Je trouve lamentable la réaction d'une majorité de Français face au référendum et à cette constitution qui, si elle n'est pas parfaite, propose de solides bases politiques pour l'Europe. Les Français ont malheureusement du mal à avoir une vision globale des choses et ils s'arrêtent trop souvent à des arguments simplistes et très dangereux. On a une chance UNIQUE, il faut la saisir et voter OUI. Cette constitution est le fruit d'une collaboration entre 25 pays, il est inconcevable qu'une nouvelle constitution soit proposée d'ici peu. Tout ce qu'on va gagner à voter non c'est une France plus faible politiquement, économiquement ET socialement dans les années à venir.
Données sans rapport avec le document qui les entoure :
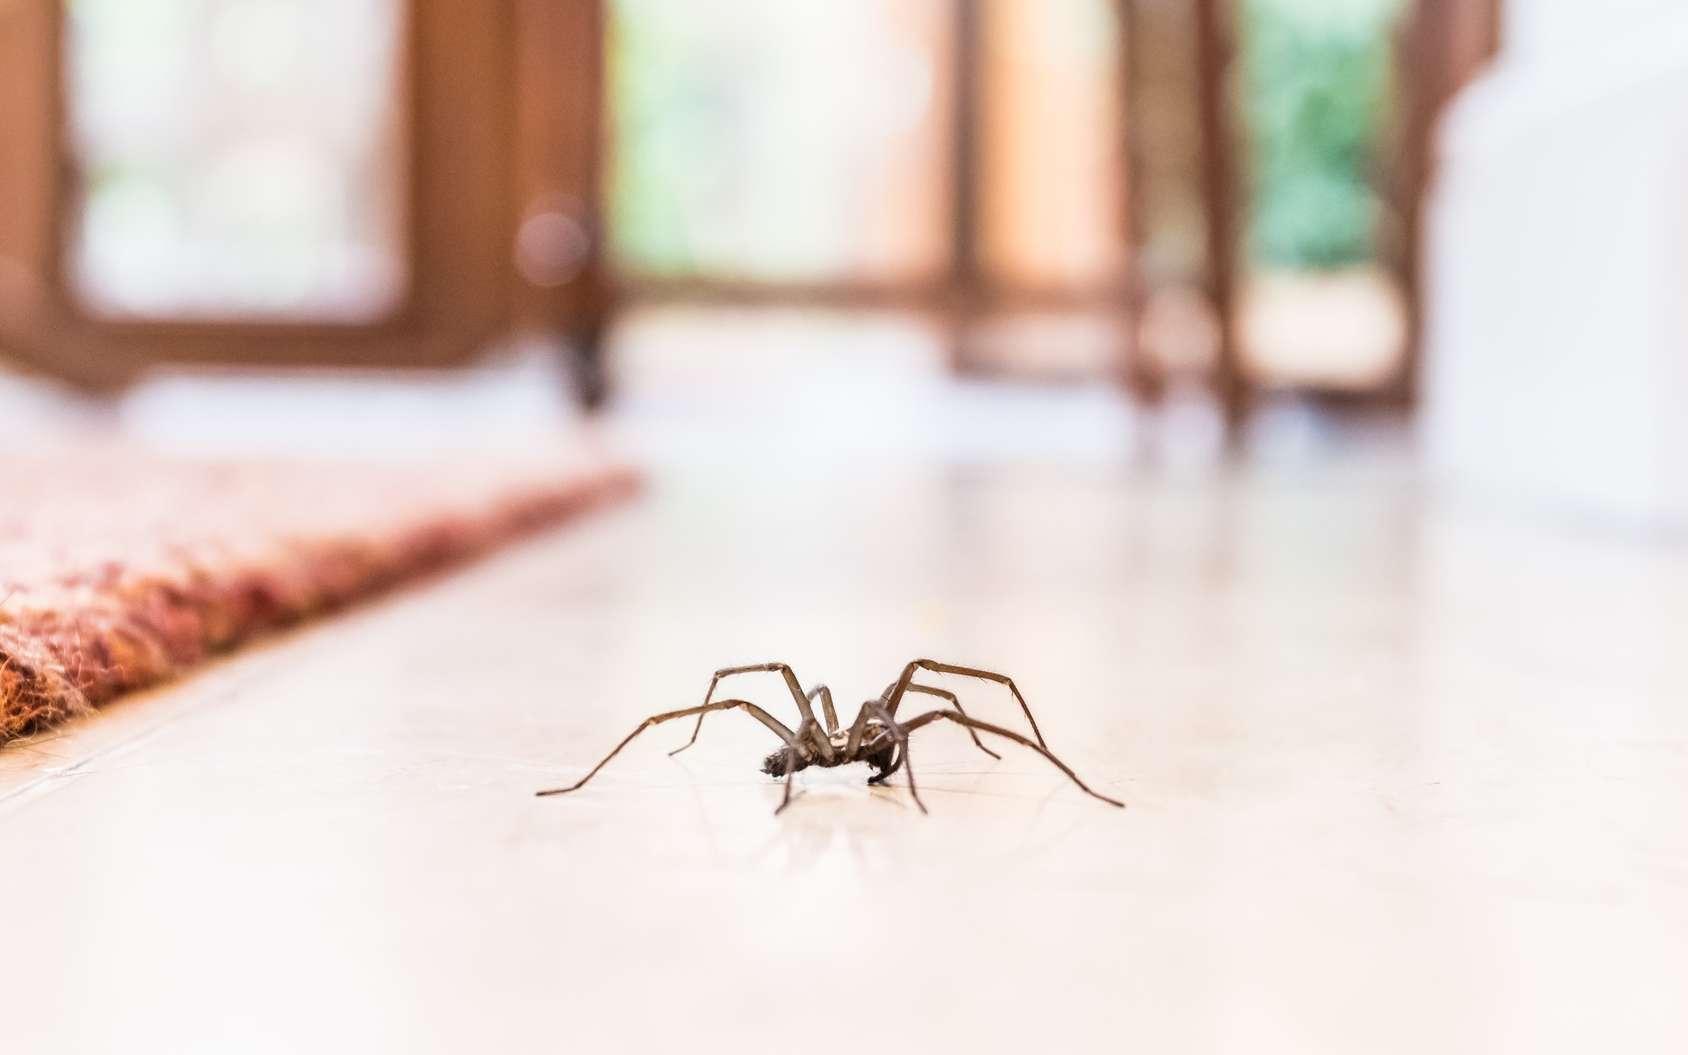 Les araignées de maison nous aident à éliminer naturellement toutes sortes d'insectes indésirables. Il ne faut donc pas les tuer ! © cbckchristine, fotolia
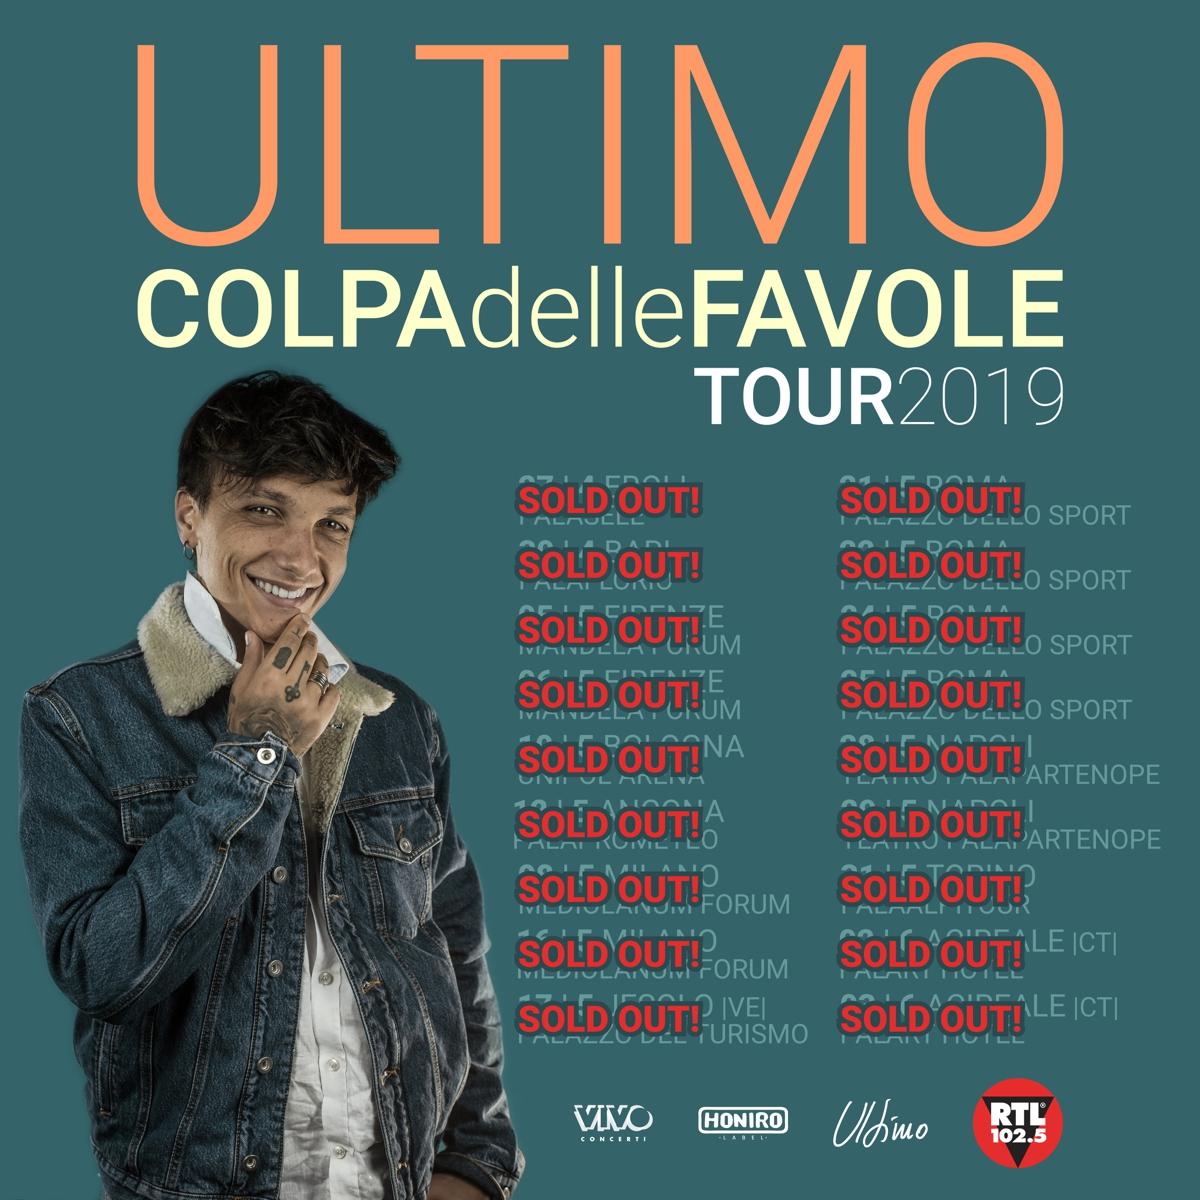 """PARTE DOMANI DAL PALASELE DI EBOLI IL """"COLPA DELLE FAVOLE"""" TOUR DI ULTIMO, SOLD OUT DA MESI"""

En effet, une France plus faible économiquement, c'est moins d'argent pour développer le social, c'est pourtant simple à comprendre. La constitution n'est qu'une base sur laquelle des LOIS votées par le Parlement feront la politique à tous les niveaux, même social, de l'Europe.
Ne faisons pas payer à l'Europe les résultats de la politique intérieure de l'actuel gouvernement.
Pour voter contre Chirac et Raffarin, votez aux présidentielles. Pour votez POUR l'Europe, votez OUI, l'avenir est là et nullepart ailleurs. Mais n'oubliez pas que le plus important, ce n'est pas de voter oui ou non, mais de voter!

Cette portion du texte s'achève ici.